Combined, Delta and Virgin Atlantic have 31 flights a day in each direction between North America and the U.K., including nine each way between Heathrow and John F. Kennedy International Airport in New York and Newark Liberty International Airport in New Jersey.

By itself, Delta has only three flights a day straight from New York to Heathrow. American and British Airways have 14 between them. And that's the problem. New York-to-London and back is one of the world's prime business travel routes. Delta has loads of travellers coming into its New York hubs at JFK and LaGuardia. But without more flights to bring those travellers on to London, Delta is at a serious disadvantage.

Landing rights at London's Heathrow Airport are limited, so Delta can't just add more flights there.

Buckingham Research analyst Daniel McKenzie wrote that Delta needed to fix its shortfall of London flights in order to win more business travellers.
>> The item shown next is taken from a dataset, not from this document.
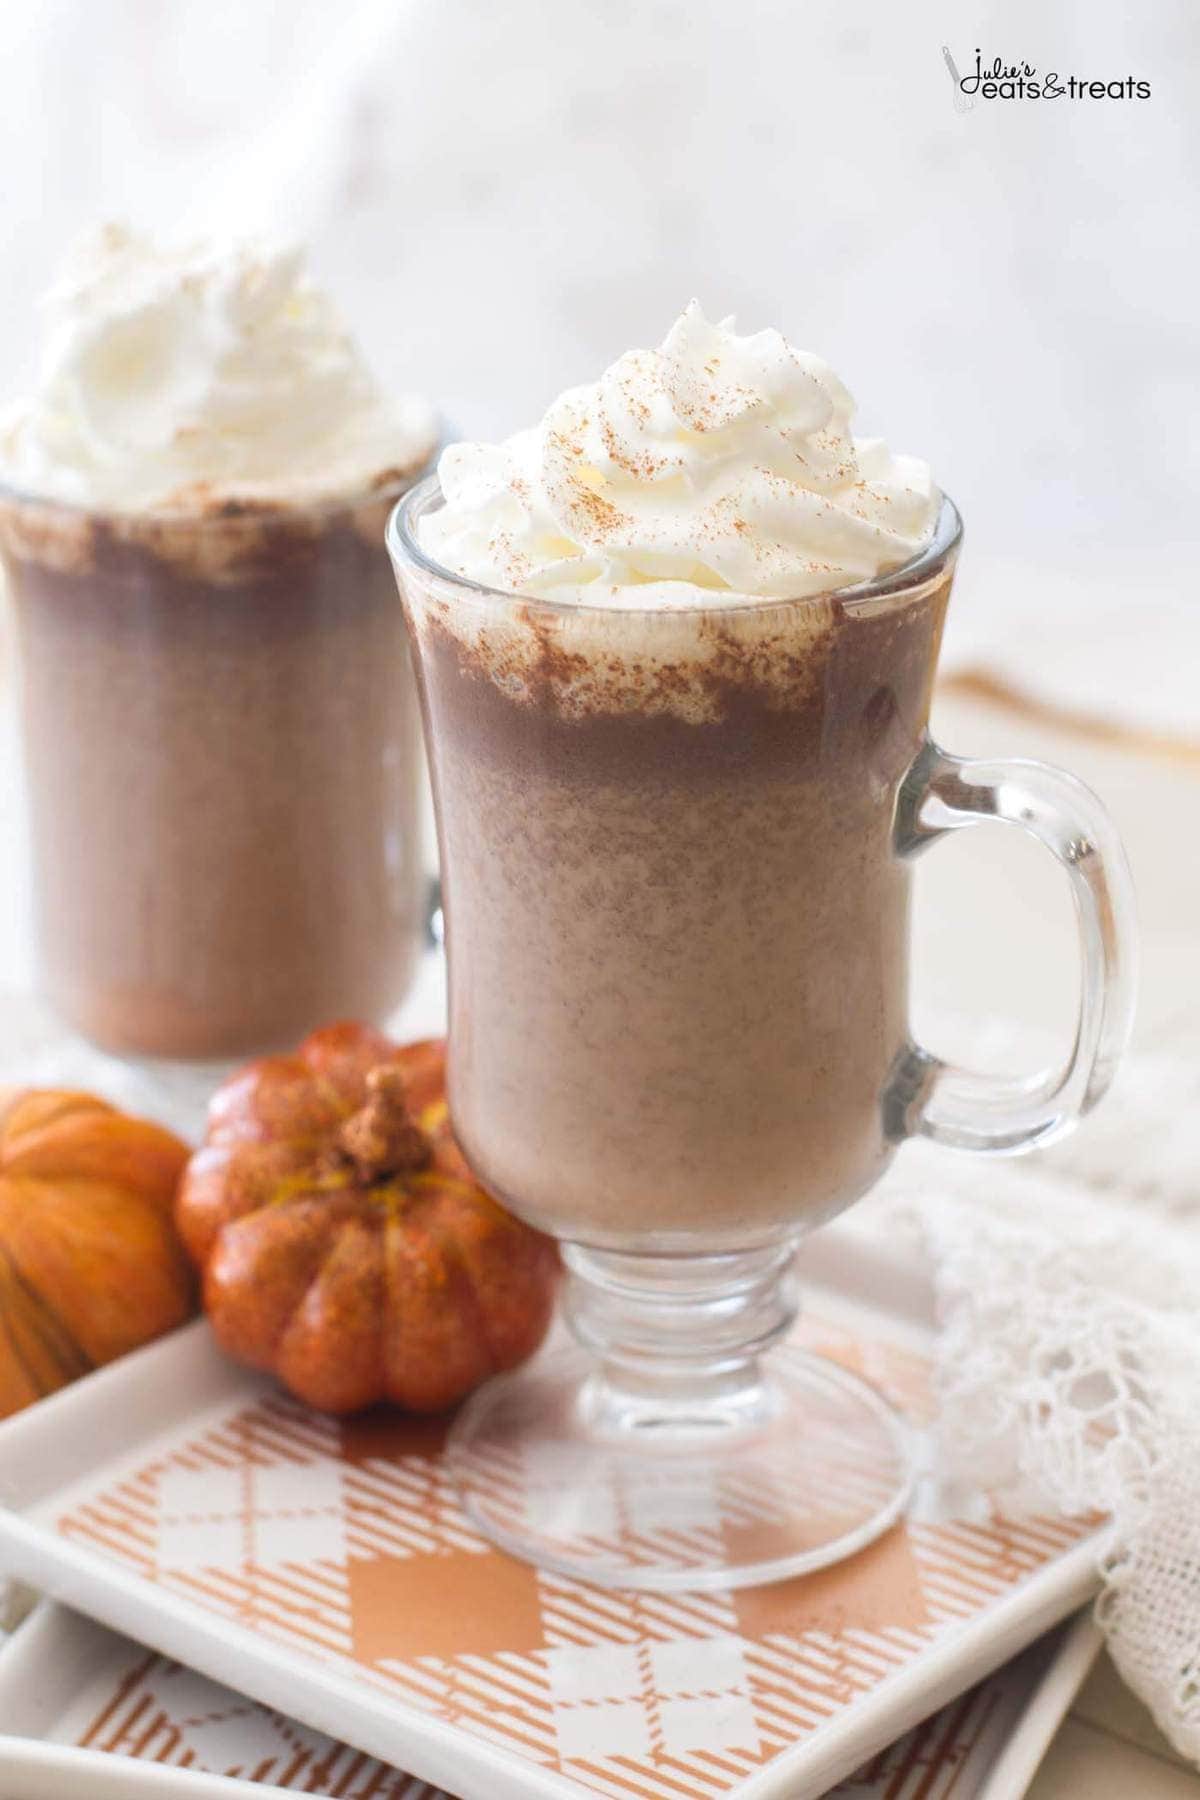 This homemade pumpkin hot chocolate recipe uses real pumpkin puree and pumpkin pie spices to add a fall spin to a classic drink!

He estimated that the deal would bring Delta hundreds of millions of dollars in added revenue starting in 2014. Some of that business will probably come at American's expense, since it also has a hub at JFK, McKenzie wrote.

Sir Richard Branson will still own more than half of Virgin Atlantic, which will continue to fly as a separate airline under its own name. In 2000, Branson sold a stake to Singapore Airlines for 600.3 million pounds, or about $960 million at the time. That's the share that Delta is buying.

Virgin Atlantic has been struggling. It reported a pretax operating loss of 80.2 million British pounds in its most recent fiscal year, even as the number of passengers it carried rose 2 per cent. It indicated in 2010 that it might be interested in some kind of tie-up with another airline. British media reports at that time said that Delta was interested.

Branson's involvement gives Virgin Atlantic strong name recognition, but it is much smaller than Delta. Virgin Atlantic has 38 planes, compared to 725 for Delta. Delta carries some 160 million passengers per year, almost 30 times more than Virgin Atlantic.

Shares of Atlanta-based Delta Air Lines Inc. rose 73 cents, or 7.1 per cent, to $10.87 in morning trading.